AMD is hosting its “Next Horizon” datacenter event in San Francisco this week, and archrival Intel, which is losing some market share to AMD but not feeling the pain on its books yet thanks to a massive buildout in server infrastructure at hyperscalers, cloud builders, and smaller service providers like telcos, is hitting back by divulging some of its plans for next year’s “Cascade Lake” Xeon lineup.

If all goes well, AMD is going to be first to market with a 7 nanometer chip when the Rome Epycs debut next year, and with Intel having bigtime issues that won’t see it deliver its “Ice Lake” Xeons until early 2020 in volume, Intel has to do something. And that something is to mimic what AMD is doing, and as it has done itself when under pressure from AMD in the server space in years gone by, and that is to cram two whole processors into a single socket to jack up the core count and memory controllers with the Cascade Lake Advanced Performance chips, or CLX-AP for short in the Intel lingo.

Lisa Spelman, general manager of Xeon and datacenter marketing at Intel, prebriefed the press on some of the details about the Cascade Lake AP processors ahead of the AMD event, and it is clear that Intel wants to be a spoiler and make everyone think twice about the Epycs. We covered the future roadmap for Xeons – including the Cascade Lake, Cooper Lake, and Ice Lake chips due in the next two years – in detail here and went into the standard, single chip module (SCM) variants of the Cascade Lake there. So we are not going to repeat all of that again, except that Intel is going to try to counter AMD’s Rome chips based on 7 nanometer chip making processes with the Cascade Lakes etched from refined 14 nanometer processes.

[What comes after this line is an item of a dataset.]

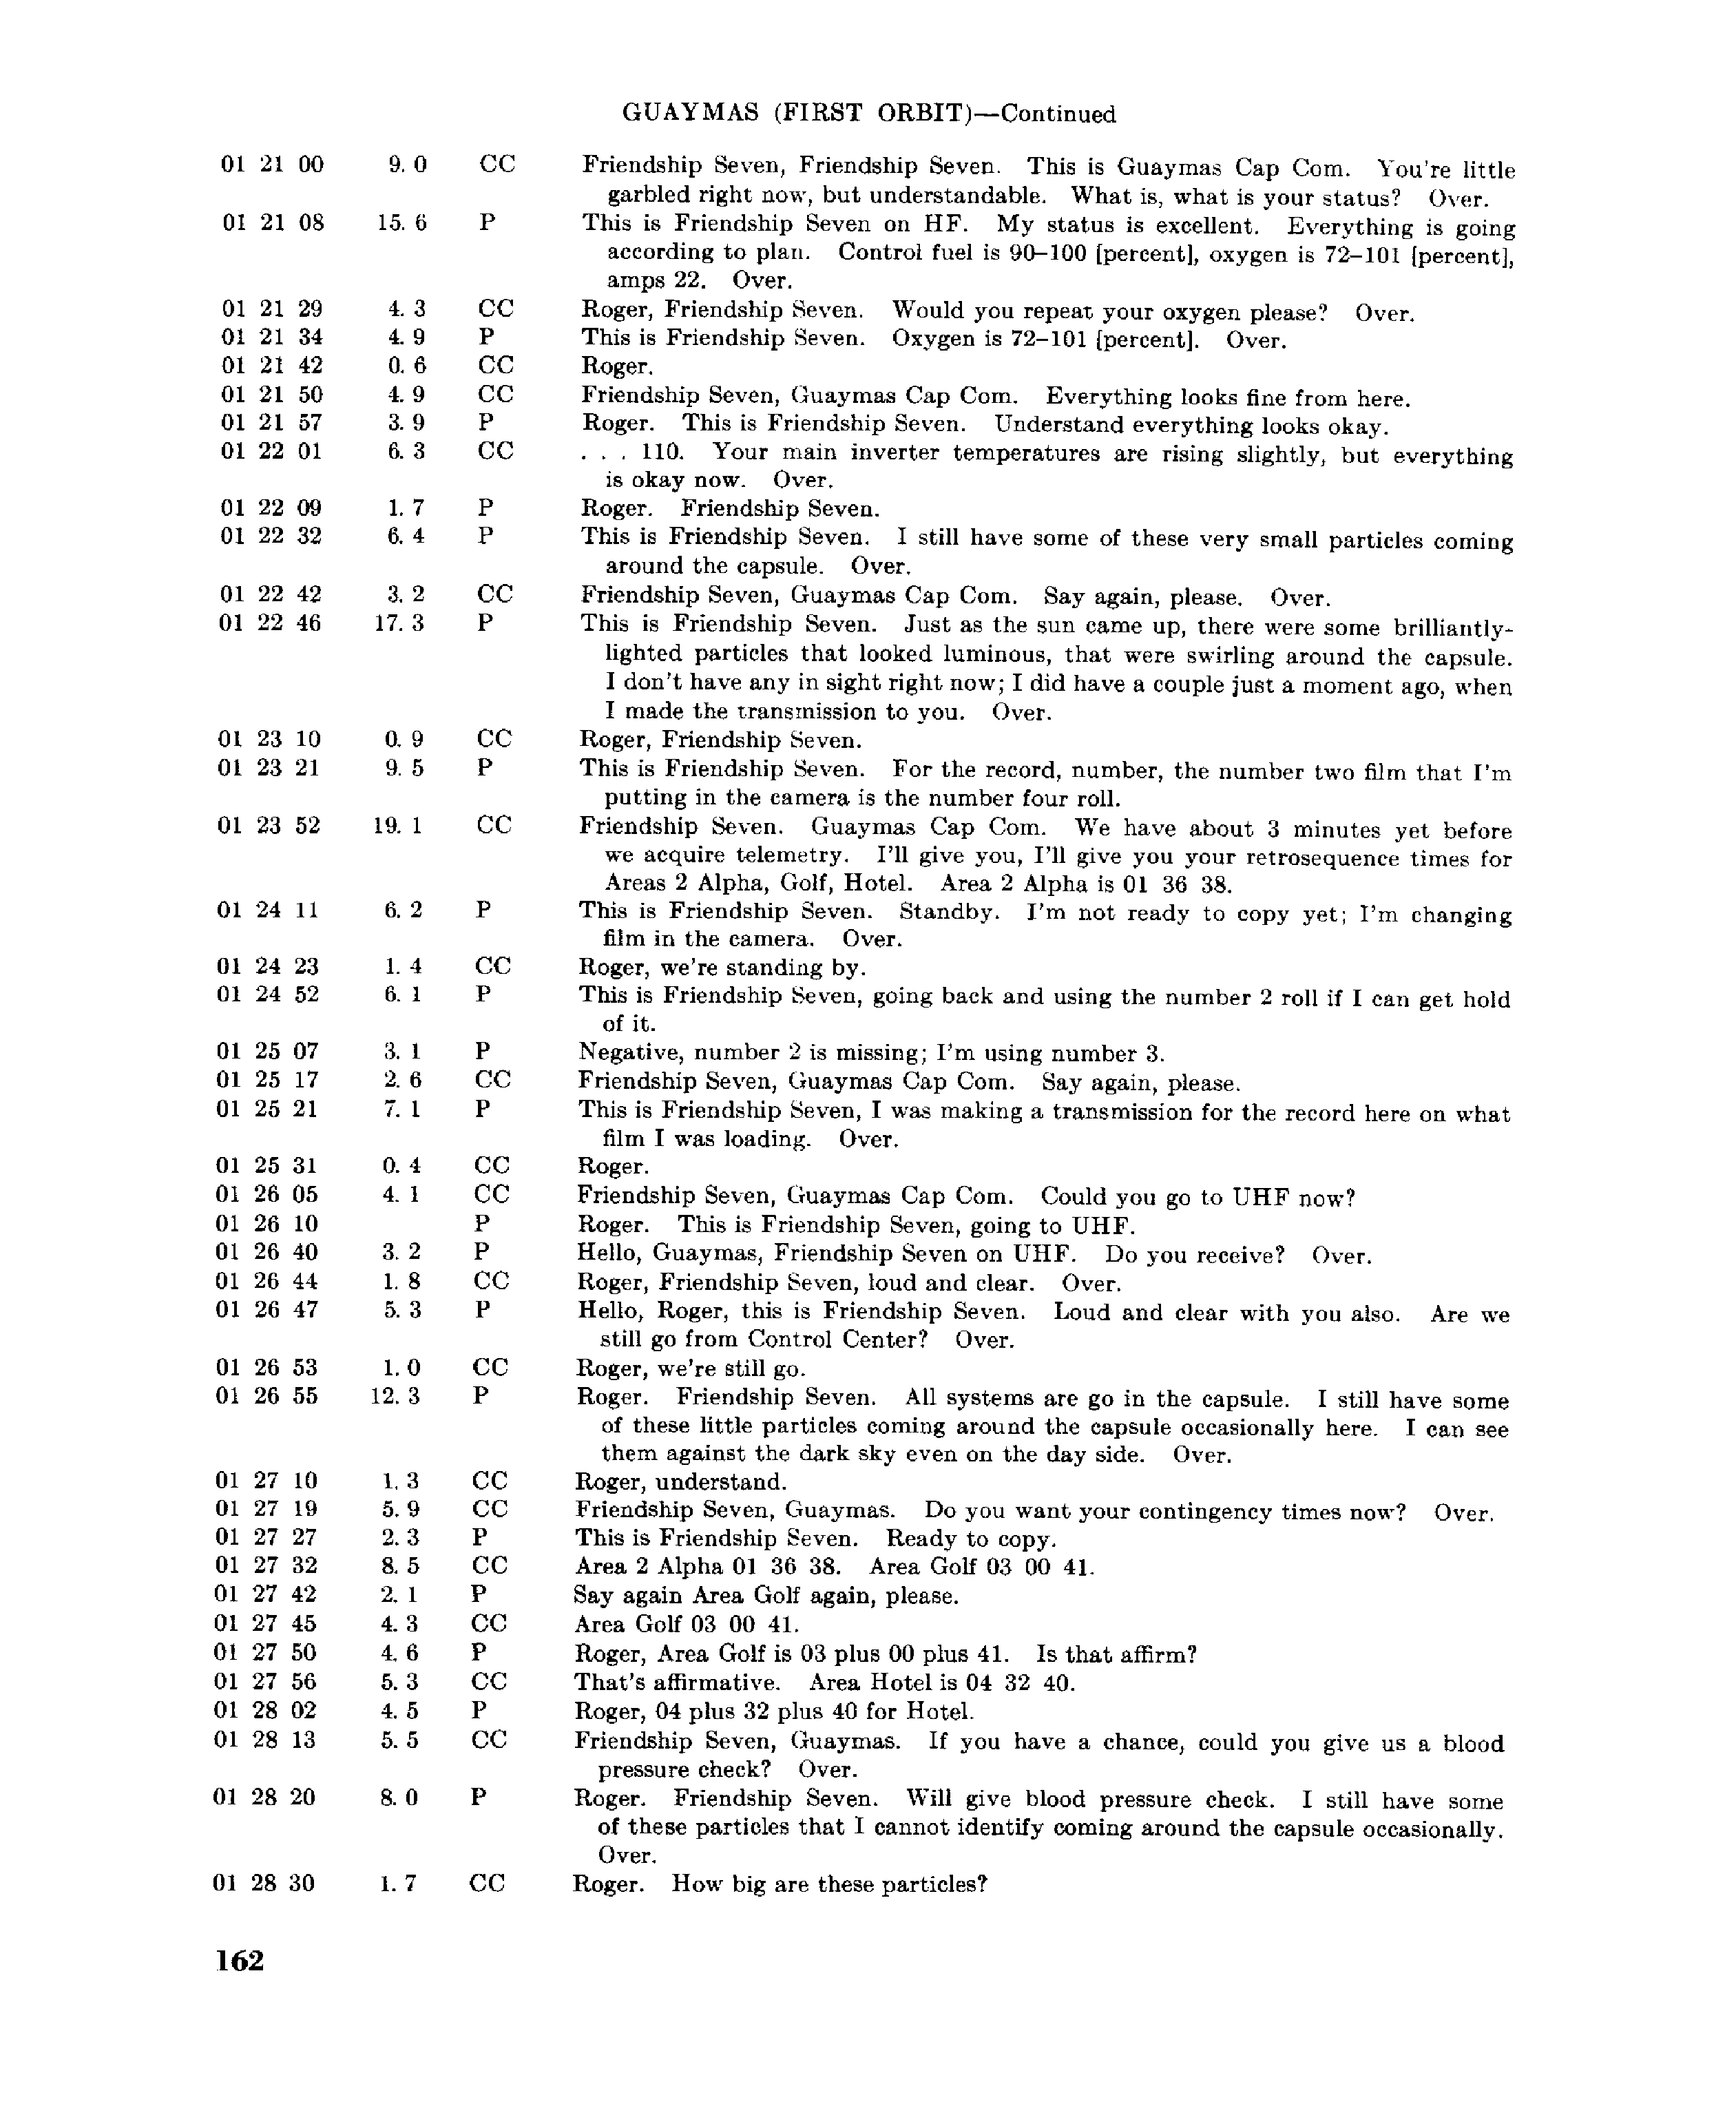 Page 161 of Mercury 6’s original transcript

This is not the first time that Intel had to cram two Xeons into a socket to take on AMD. Way back in October 2005, in the wake of AMD getting the first dual-core Opteron X86 server processors to market (based on a monolithic design), Intel cooked up the “Paxville” Xeon DP chips, its first multicore module (MCM) implementation in the Xeon line and clearly a stop-gap measure at the time. Having MCMs is not a stop-gap anymore, but really the only practical answer to trying to put more cores into a socket without having the price of the chip and its thermals go through the roof. The thermals for the Cascade Lake AP Xeon might go through the roof just the same, if history is any guide.

To make a “Naples” Epyc 7000 series processor, AMD takes an eight-core Ryzen chiplet with two memory controllers and uses some PCI-Express 3.0 interconnect lanes to create an “Infinity Fabric’ that lashes them together to present themselves as a very tightly coupled baby NUMA server in a socket with 32 cores and eight memory controllers. Other PCI-Express lanes are available to be used as I/O or to create a two-socket chip.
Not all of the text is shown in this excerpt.